When I first saw print ads featuring a prime when they meant to use an apostrophe, I considered it the sign of another amateur who got his first computer. When a similar gaffe appeared in a Time Magazine ad—the ad must have cost $30,000—I could imagine how my parents felt when we kids all began growing our hair long like the Beatles. The world was coming to an end.
I blame the typewriter.
I have a love/hate relationship with typewriters. I still have a classic Underwood on my desk, just because it is such an inspiring mechanical marvel. Modern computers fail to amaze us anymore because we don’t see the magic happening inside. We just take it all for granted. With a typewriter, you can watch every lever and hinge connect finger to page like so much sinew and muscle. It is a miracle of design.
I forgive a typewriter for not having proper punctuation. As a print book and eBook designer, I’m less forgiving when we now have all the computer tools at our fingertips to set type almost as well as Johannes Gutenberg did in the 1400s.
There’s only so much room on a typewriter keyboard, and every extra key requires more levers and hinges and strikers. There is a lot of double-duty going on. A single prime*, ‘ , used to denote a foot of measure, was asked to also substitute for an open quote ‘ mark. And a close quote mark ’ while you’re at it. Same for the double-prime ” originally used as shorthand for inches or minutes.
That’s not the least of the compromises. Look for yourself: many manual typewriters don’t even have a numeral 1 . Typists were taught to substitute a lowercase l (el) instead. (Depending on what font you’re seeing now, those two may look the same!)

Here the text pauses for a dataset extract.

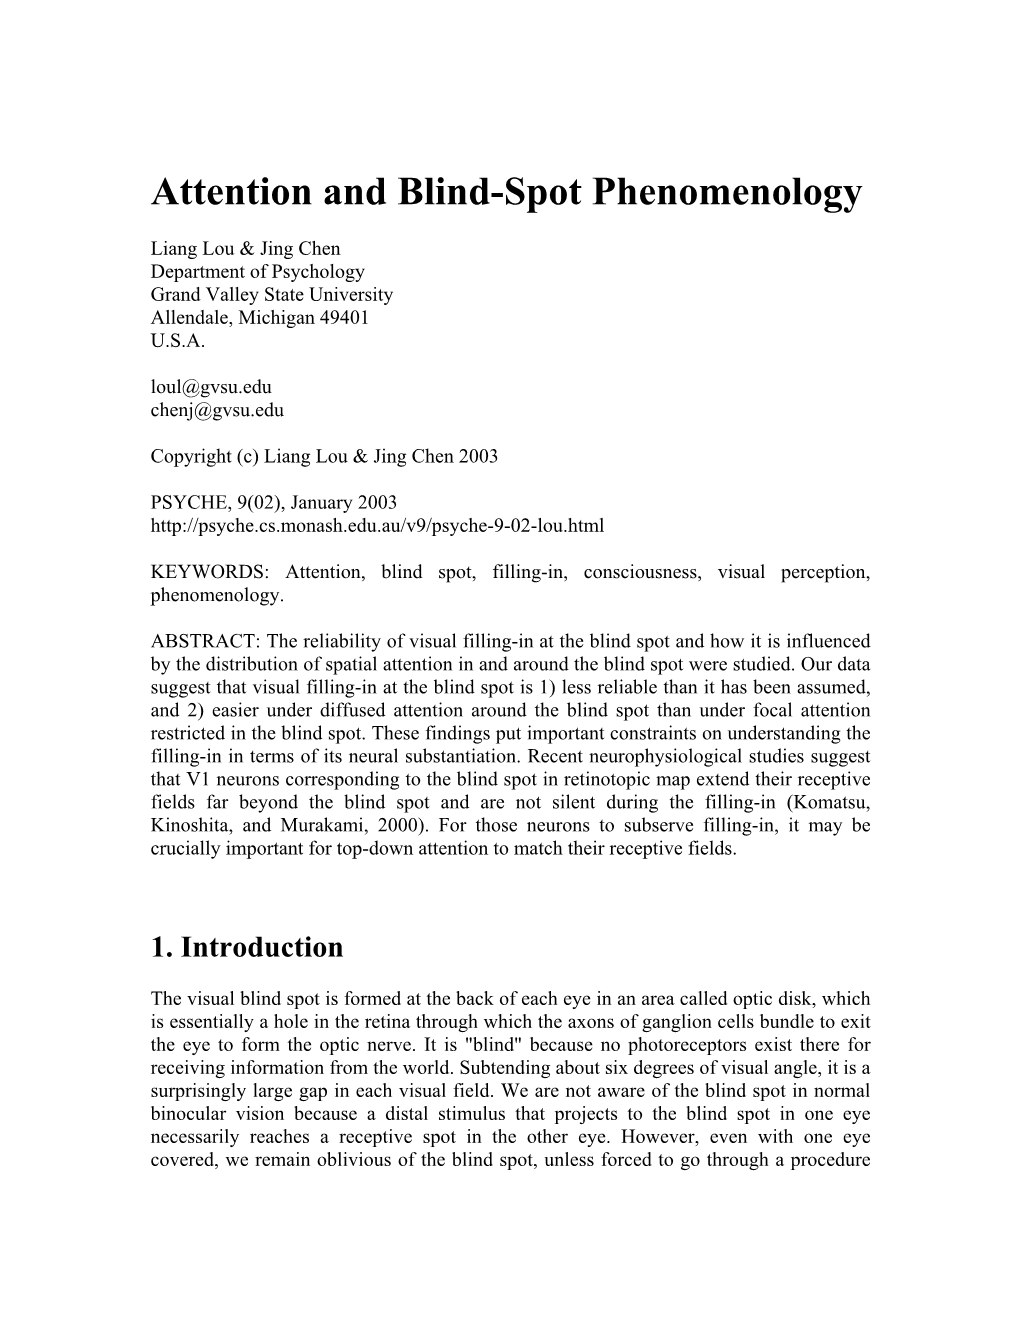 Attention and Blind-Spot Phenomenology

Nevertheless, it was a huge improvement over some people’s handwriting. Typing was undeniably faster, and nobody used typewriter text in a $30,000 Time Magazine ad. For that, we’d hire a real typesetter who used real quotation marks. (And real ellipses.)

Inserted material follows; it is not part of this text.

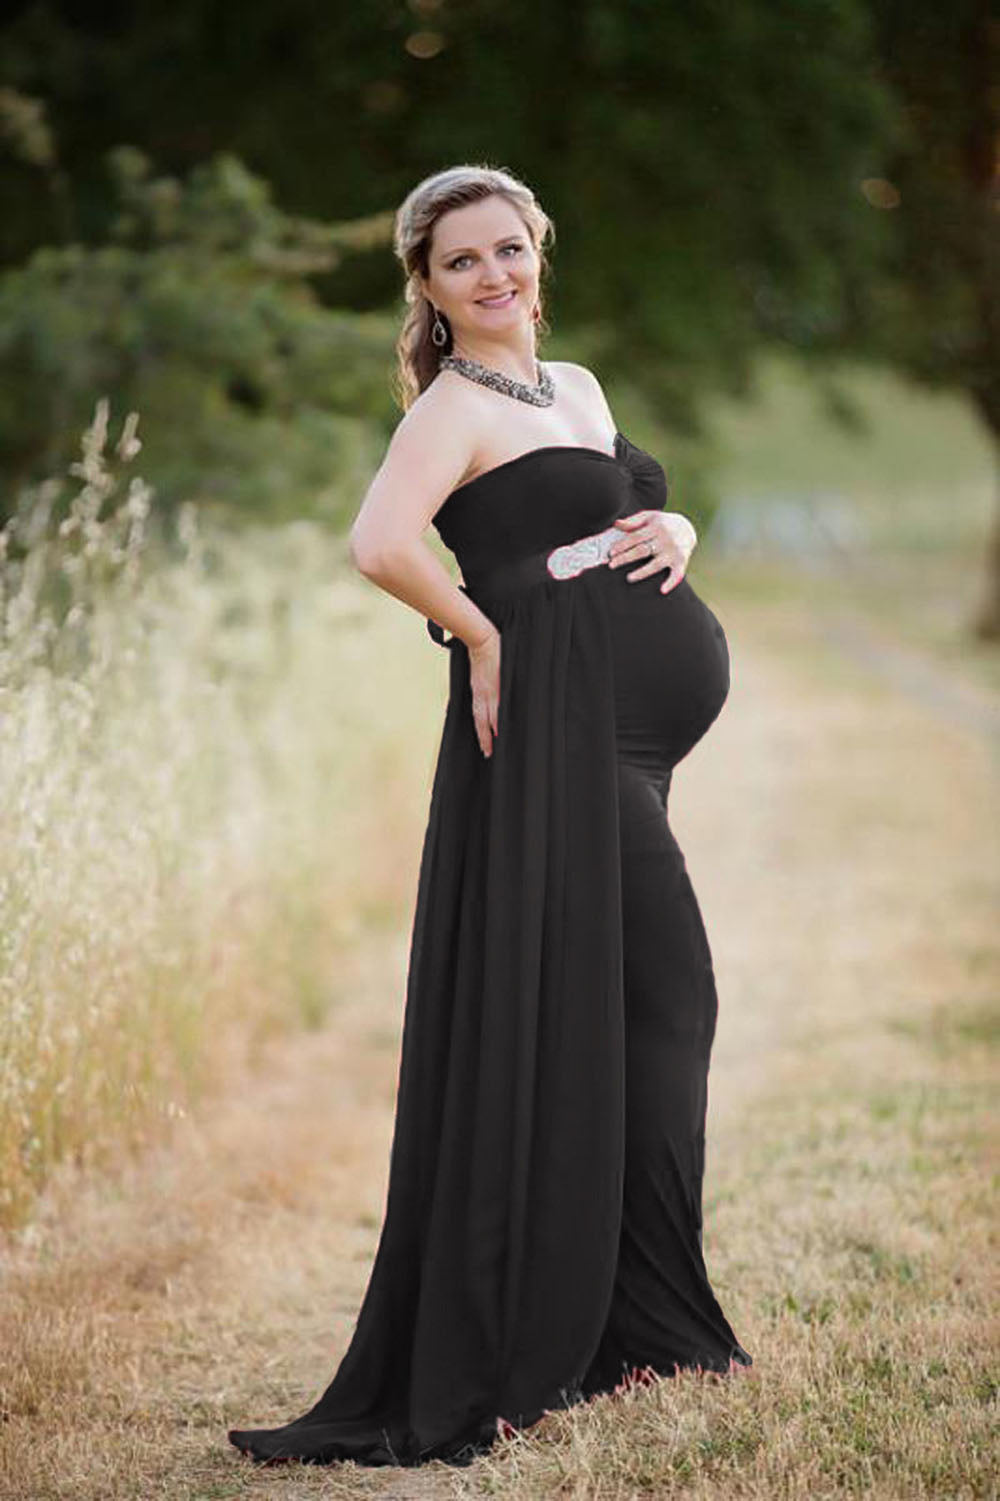 A pregnant woman in a red Maramalive™ chiffon mop skirt dress posing in a garden.

The problem arose after a whole generation of people were raised using manual typewriters. Then came word processors, and soon after that, computers—all based on the simplified keyboard.

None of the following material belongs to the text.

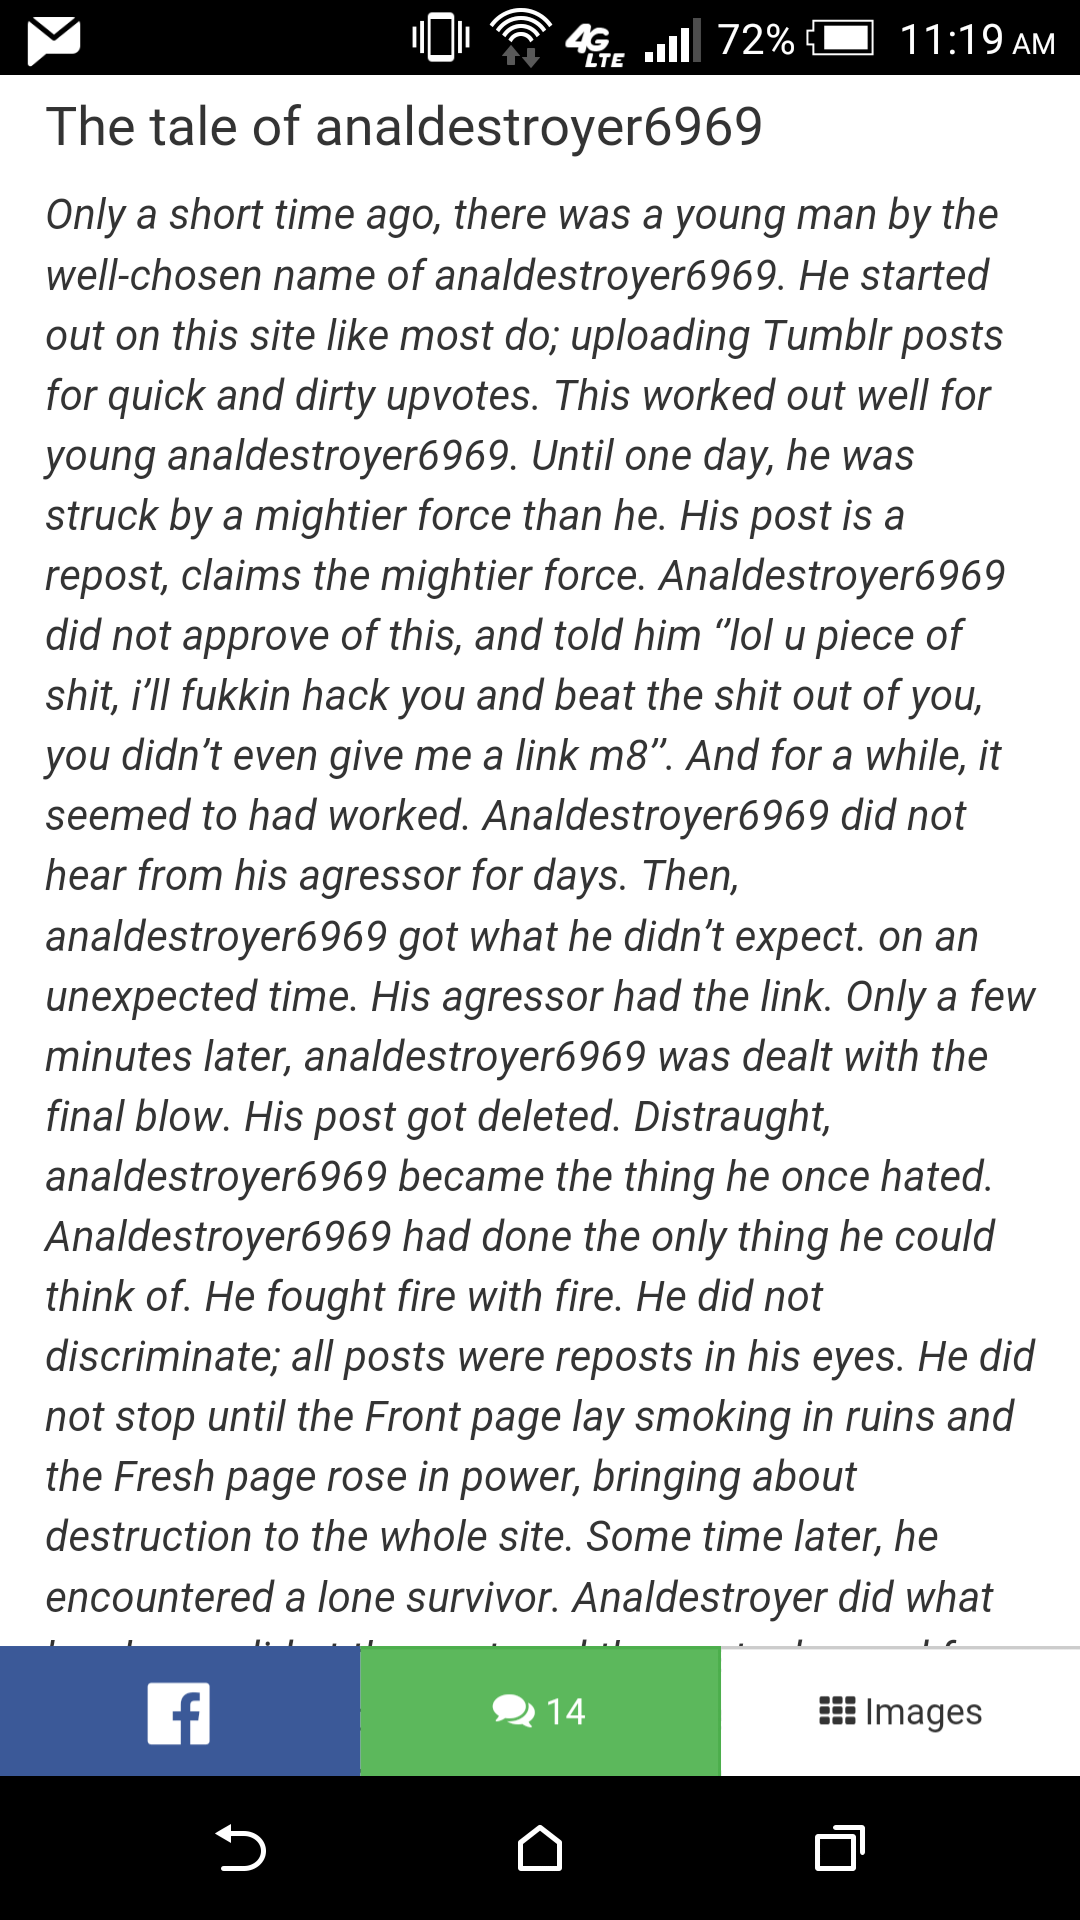 For the new fags, The tale of analdestroyer6969

We type compromised characters even though today’s computer fonts contain every correct symbol imaginable. It just takes some nutty, arcane fingerwork to get there. Most people no longer know there is a difference. With all that computer power creating professional quality print, every amateur became a “graphic artist.”
Today, most word processors make the correction for you, judging by context. They turn your single prime into an apostrophe, your double-prime into open and close “curly quotes.”
Almost. Except now I’m seeing this:
[ forehead slap ]
Now that’s a prime example of the wrong way to use foot- and inch-marks. Get it?
*Actually, it’s even worse than that. True primes and double-primes lean a bit to the right. They were straightened specifically for the manual typewriter so they could be used on both sides of a word. Ironically, the straight ” and ‘ don’t seem to have existed before the manual typewriter, and thus in the world of typography they aren’t correct for anything.